=== Record excerpts ===

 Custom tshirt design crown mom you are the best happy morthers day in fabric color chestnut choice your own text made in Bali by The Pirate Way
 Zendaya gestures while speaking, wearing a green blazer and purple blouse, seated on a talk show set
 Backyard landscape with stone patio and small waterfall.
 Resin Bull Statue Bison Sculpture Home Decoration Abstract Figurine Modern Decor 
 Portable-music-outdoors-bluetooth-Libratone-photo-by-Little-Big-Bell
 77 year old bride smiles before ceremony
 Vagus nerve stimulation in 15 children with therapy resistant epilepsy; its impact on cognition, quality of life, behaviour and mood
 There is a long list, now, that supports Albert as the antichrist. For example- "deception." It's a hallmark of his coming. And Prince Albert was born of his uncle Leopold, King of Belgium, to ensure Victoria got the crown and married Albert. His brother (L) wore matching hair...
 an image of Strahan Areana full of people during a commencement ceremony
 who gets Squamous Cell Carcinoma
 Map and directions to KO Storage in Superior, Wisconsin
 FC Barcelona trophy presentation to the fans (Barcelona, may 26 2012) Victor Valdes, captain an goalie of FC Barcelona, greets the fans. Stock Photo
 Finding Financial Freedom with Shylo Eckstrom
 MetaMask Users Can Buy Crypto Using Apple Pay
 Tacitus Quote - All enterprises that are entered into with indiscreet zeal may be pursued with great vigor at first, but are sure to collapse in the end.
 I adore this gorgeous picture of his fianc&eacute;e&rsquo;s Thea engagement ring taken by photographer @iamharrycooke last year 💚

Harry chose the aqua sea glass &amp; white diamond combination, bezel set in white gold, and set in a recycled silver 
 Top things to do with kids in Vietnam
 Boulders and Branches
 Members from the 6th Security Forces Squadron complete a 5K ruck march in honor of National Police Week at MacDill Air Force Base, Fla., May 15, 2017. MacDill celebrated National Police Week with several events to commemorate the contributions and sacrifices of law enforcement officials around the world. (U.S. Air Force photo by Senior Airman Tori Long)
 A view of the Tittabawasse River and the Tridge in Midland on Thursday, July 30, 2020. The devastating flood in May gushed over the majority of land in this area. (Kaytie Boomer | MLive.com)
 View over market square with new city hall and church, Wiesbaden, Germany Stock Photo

===

### What needs to be done
Find the line with "Resin Bull Statue" in the entries above. Retype it and each line after it, exactly, through the line with "Vagus nerve stimulation", and stop there.

### Response to the task
 Resin Bull Statue Bison Sculpture Home Decoration Abstract Figurine Modern Decor 
 Portable-music-outdoors-bluetooth-Libratone-photo-by-Little-Big-Bell
 77 year old bride smiles before ceremony
 Vagus nerve stimulation in 15 children with therapy resistant epilepsy; its impact on cognition, quality of life, behaviour and mood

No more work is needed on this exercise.